Страница 75 из 89
ВИКТОРИЯ
После пресс-конференции с двумя американскими журналистами телефон трезвонил не умолкая. Как правило, звонили корреспонденты иностранных газет, интересующиеся ходом событий. На все их вопросы я могла ответить лишь одно: жду разрешения на встречу с отцом. Я знала, что характеристика у меня плохая, но все же не теряла надежды.
Разговаривая со мной, мамуля неизменно сохраняла бодрое настроение, но я-то знала, как сильно она обеспокоена. Я сказала ей, что нет никакой причины для волнений, на что она ответила:
— Владимирки ты не видала!
В феврале я получила через Ирину медицинское свидетельство о состоянии здоровья отца и очень обрадовалась, что не умею читать по-английски. Я отнесла его в ОВИР, где мне сказали, что оно им совершенно ни к чему.
— Тогда зачем же его потребовали? — спросила я.
Мужчина пожал плечами.
— Не знаю. Если хотите, мы его приобщим к вашему делу, но в этом нет никакой необходимости.
— Приобщайте, — сказала я и вышла.
Дни походили один на другой и тянулись мучительно медленно. Я не виделась почти ни с кем из друзей, потому что сидела дома в ожидании телефонного звонка. Может, оно и к лучшему — не хотелось знать, сколько моих друзей поняли вдруг, что дружба со мной не так уж и безопасна.
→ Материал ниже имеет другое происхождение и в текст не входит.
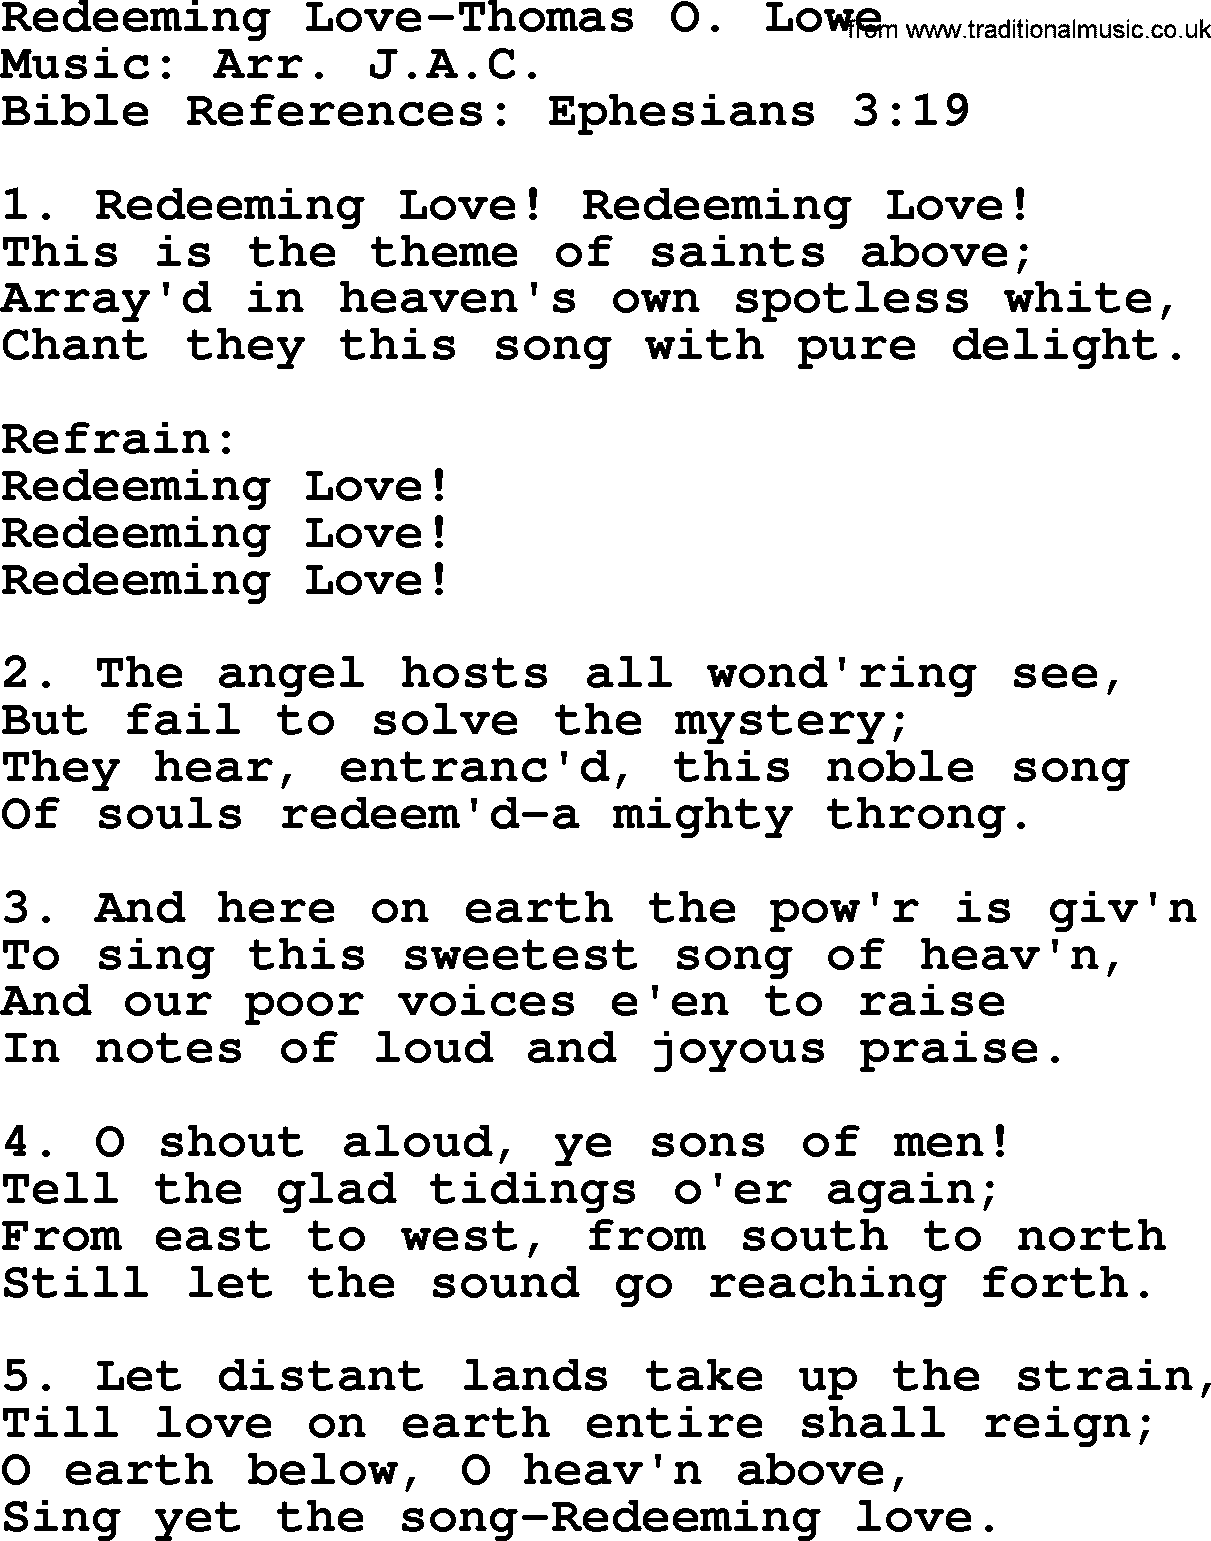 Hymns about Angels, Hymn: Redeeming Love-thomas O. Lowe.txt lyrics with PDF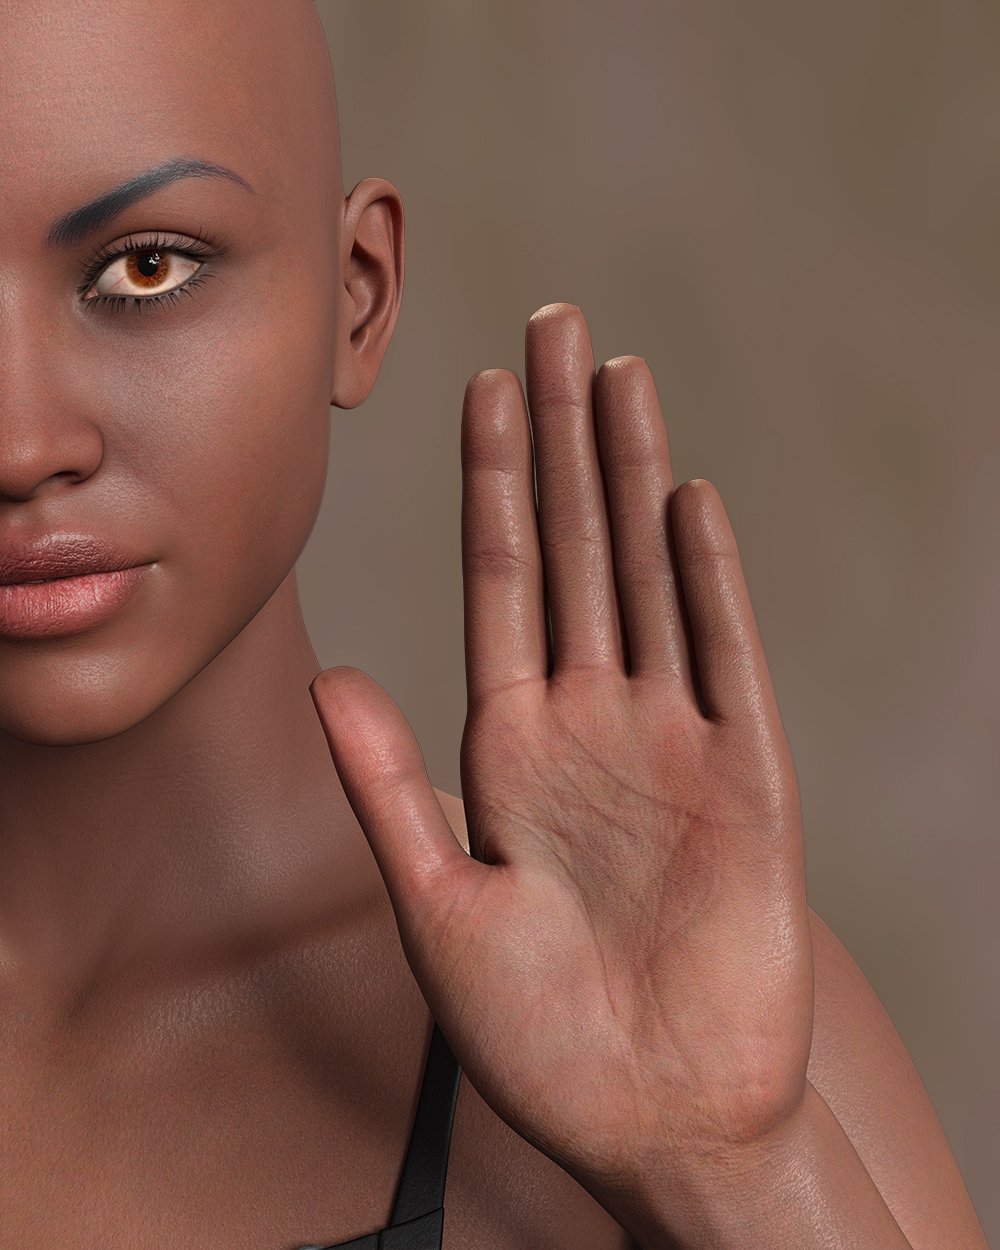 TMHL Dark Skin Merchant Resource for Genesis 8.1 Female by: TwiztedMetalhotlilme74, 3D Models by Daz 3D

Конечно же, позвонил Коля, не в силах побороть желание помучить меня.
— Проверяю, дома ли ты. Кто знает, долго ли ты еще сможешь отвечать на звонки, наделав столько глупостей.
— Я вешаю трубку!
— Погоди! — закричал он и продолжал уже более мягким тоном: — Послушай, Вика, ты мне так нужна! И я тебе нужен. Вспомни, сколько у нас было хорошего.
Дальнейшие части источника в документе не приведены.